Exercise: Your answer must be the full listing below, restated word for word, with no pictures in it.

Data excerpt:
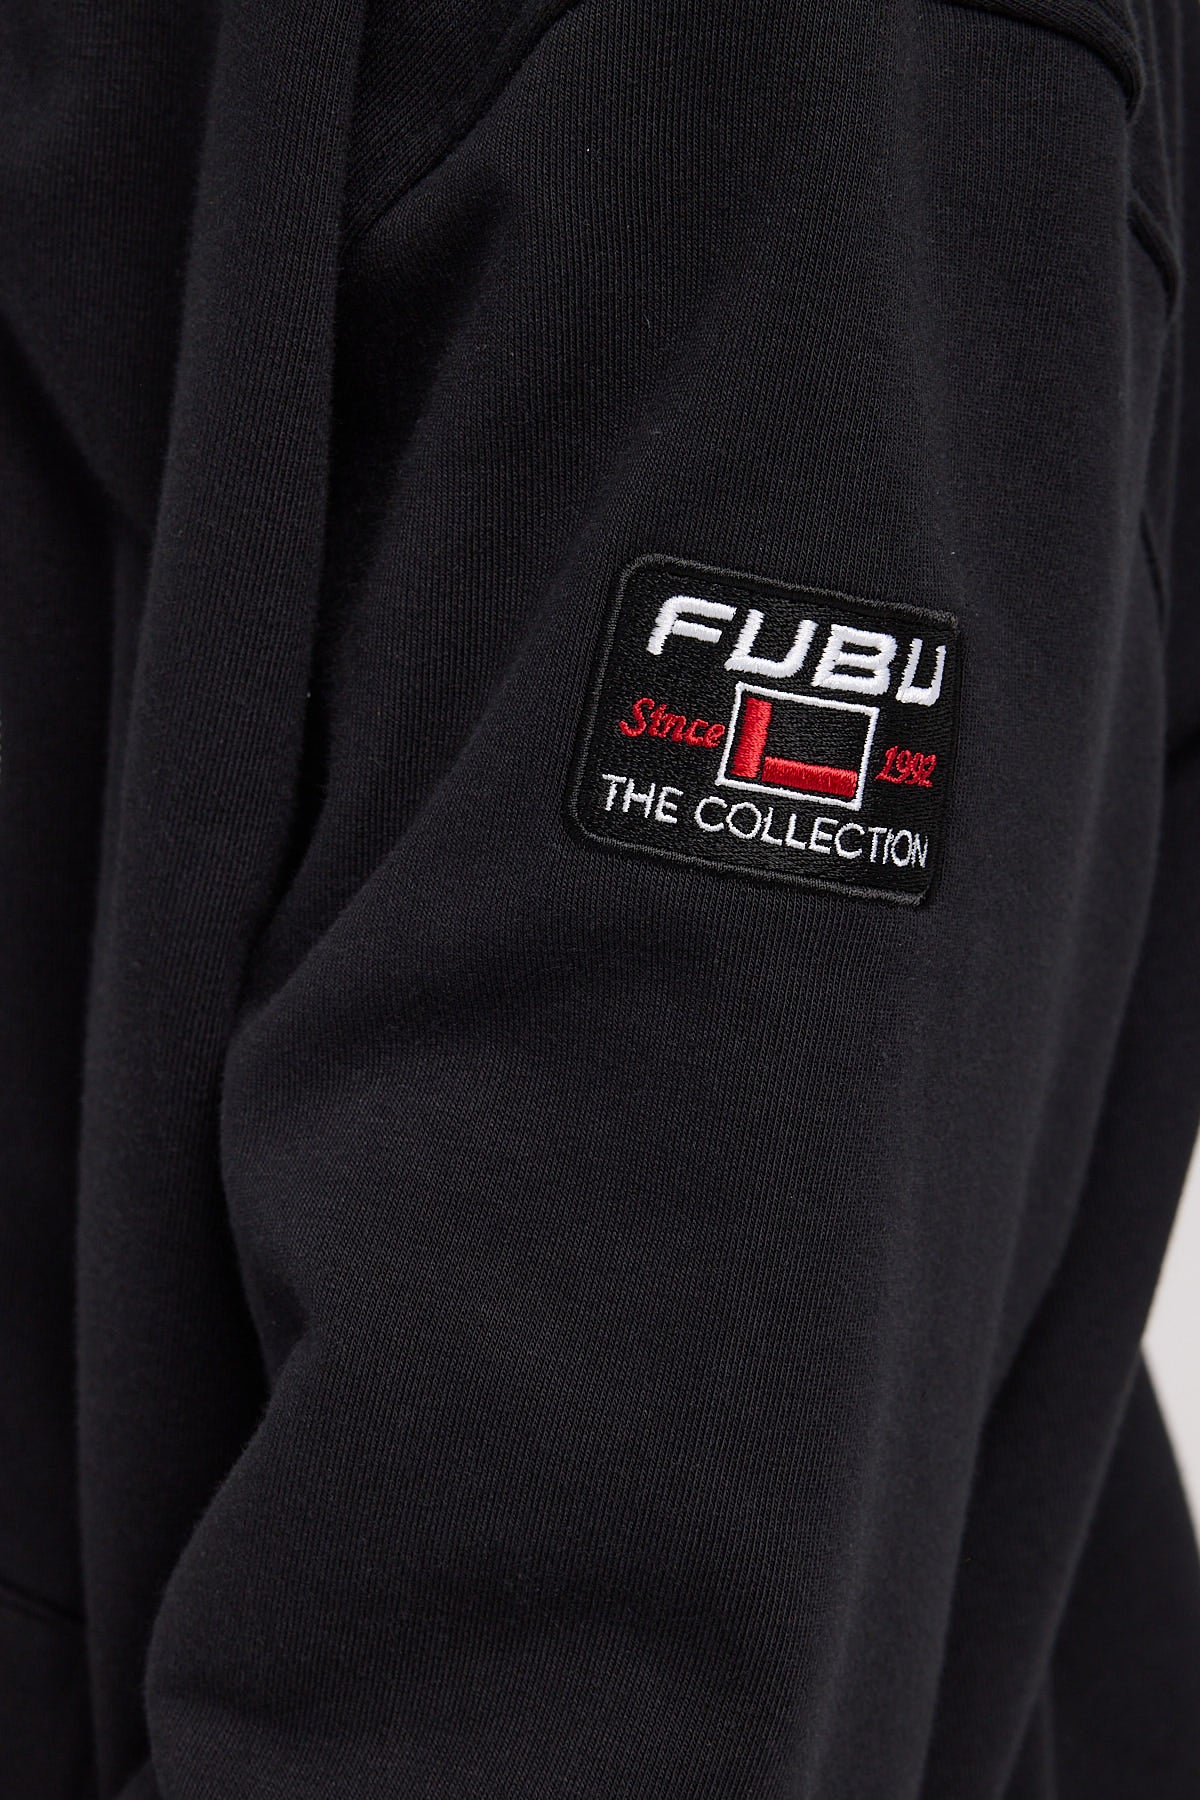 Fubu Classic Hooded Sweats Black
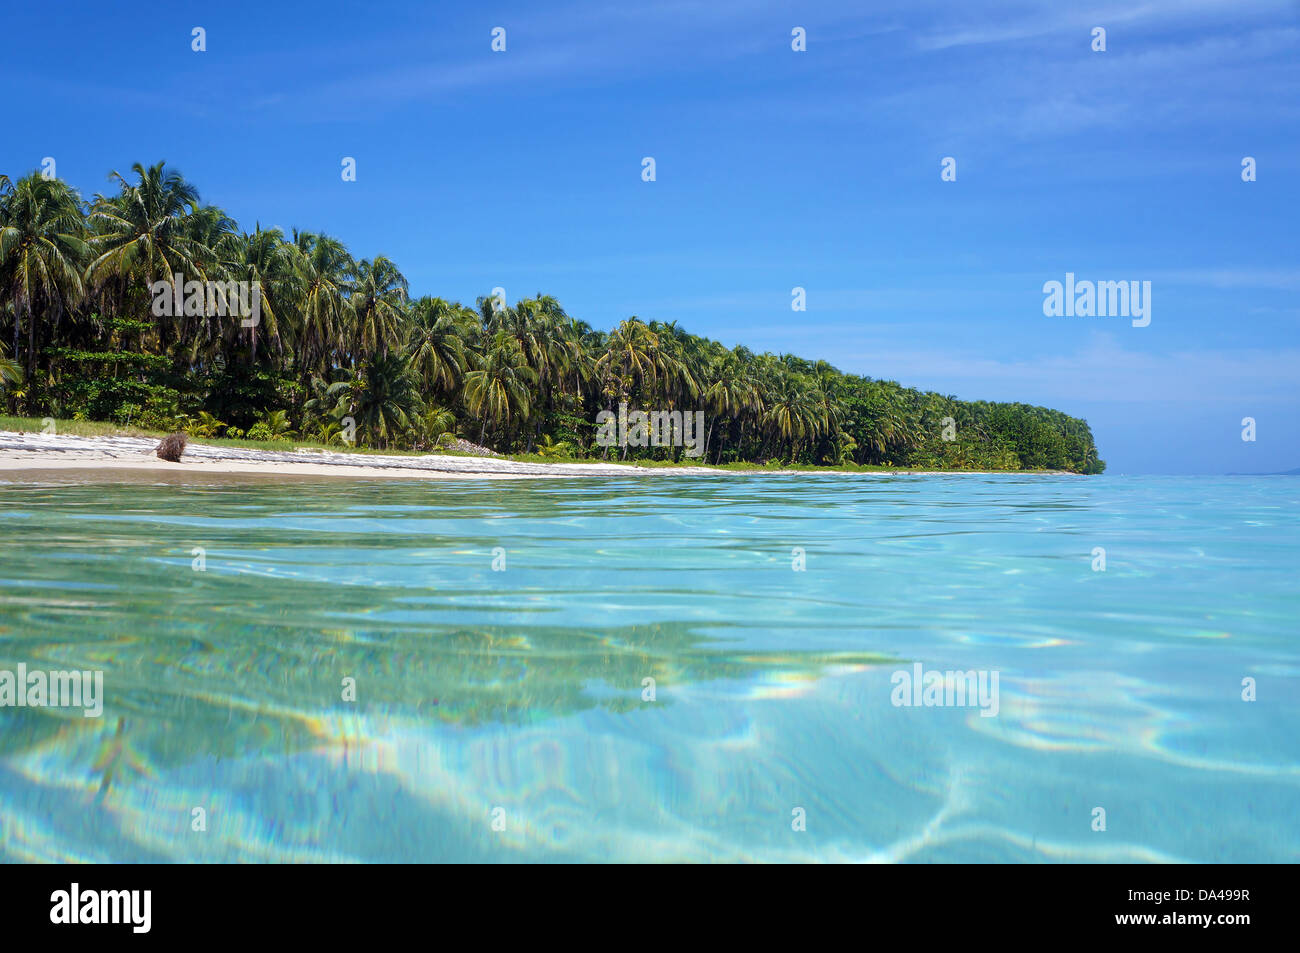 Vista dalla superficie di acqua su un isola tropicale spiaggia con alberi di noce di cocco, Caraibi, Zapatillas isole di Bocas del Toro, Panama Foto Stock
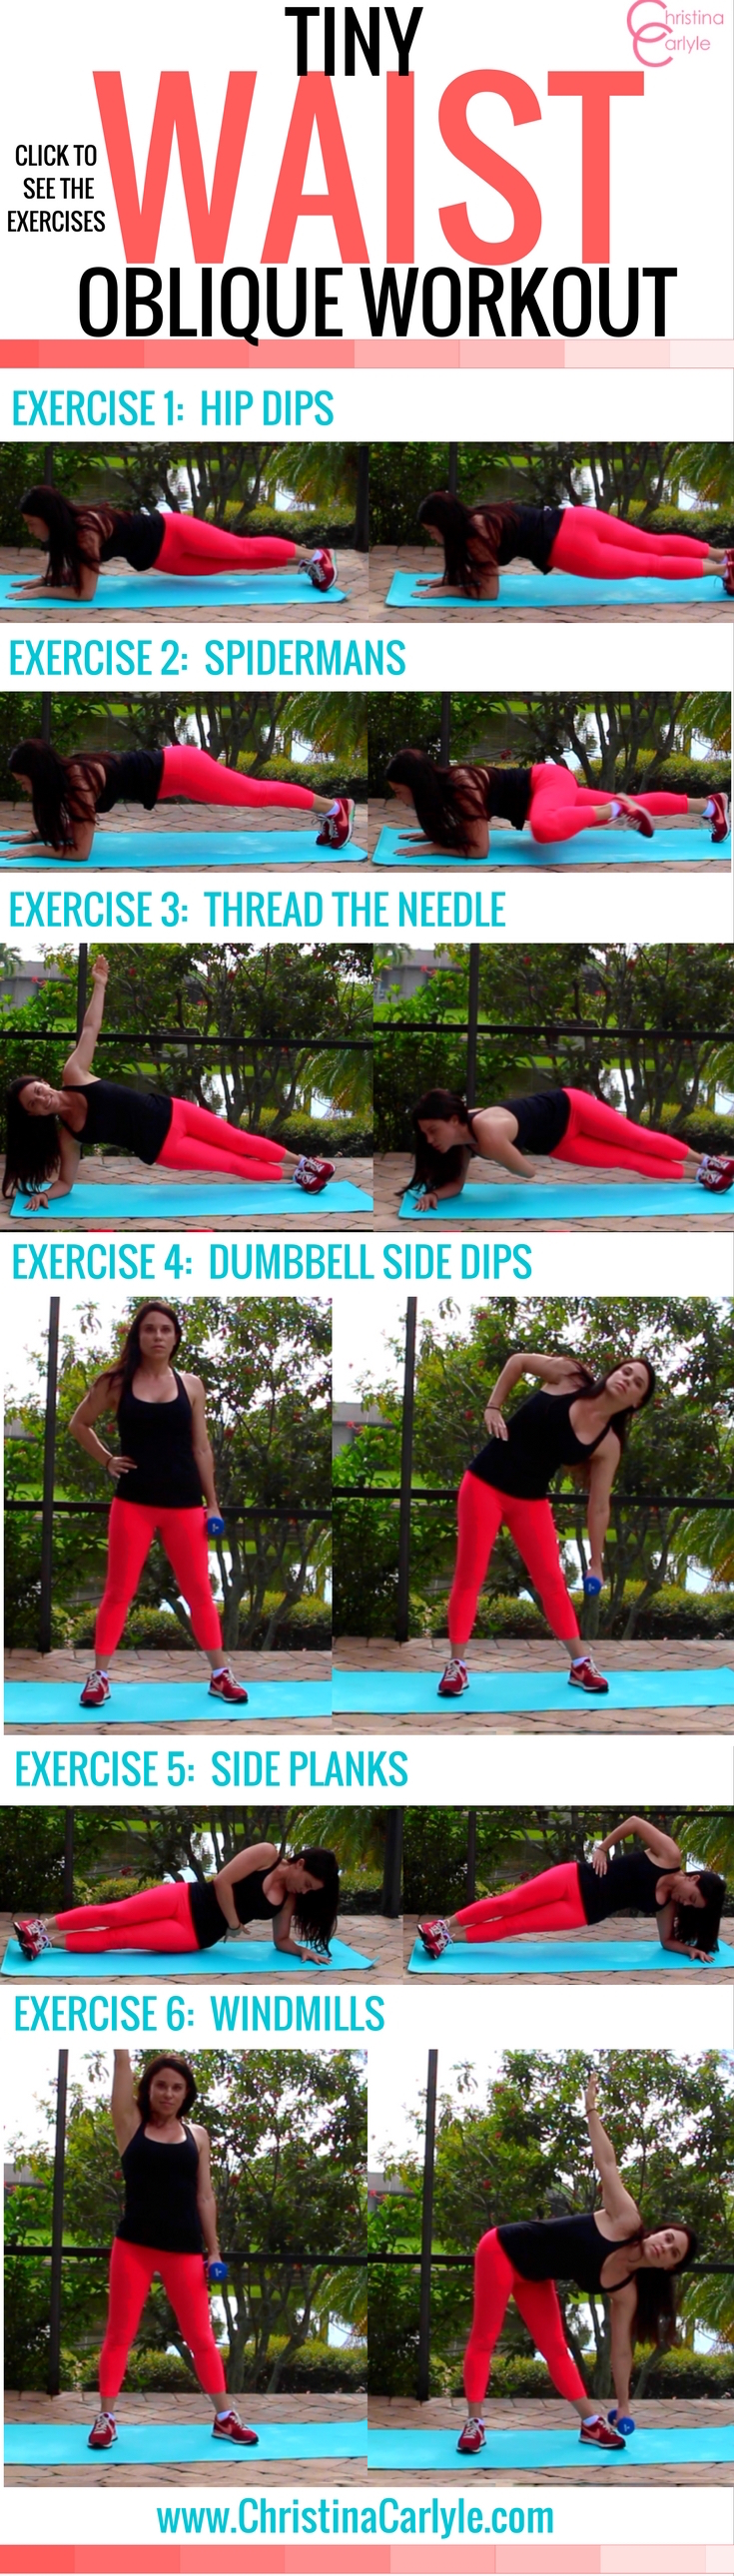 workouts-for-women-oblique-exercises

Answer space:
 Fubu Classic Hooded Sweats Black
 Vista dalla superficie di acqua su un isola tropicale spiaggia con alberi di noce di cocco, Caraibi, Zapatillas isole di Bocas del Toro, Panama Foto Stock
 workouts-for-women-oblique-exercises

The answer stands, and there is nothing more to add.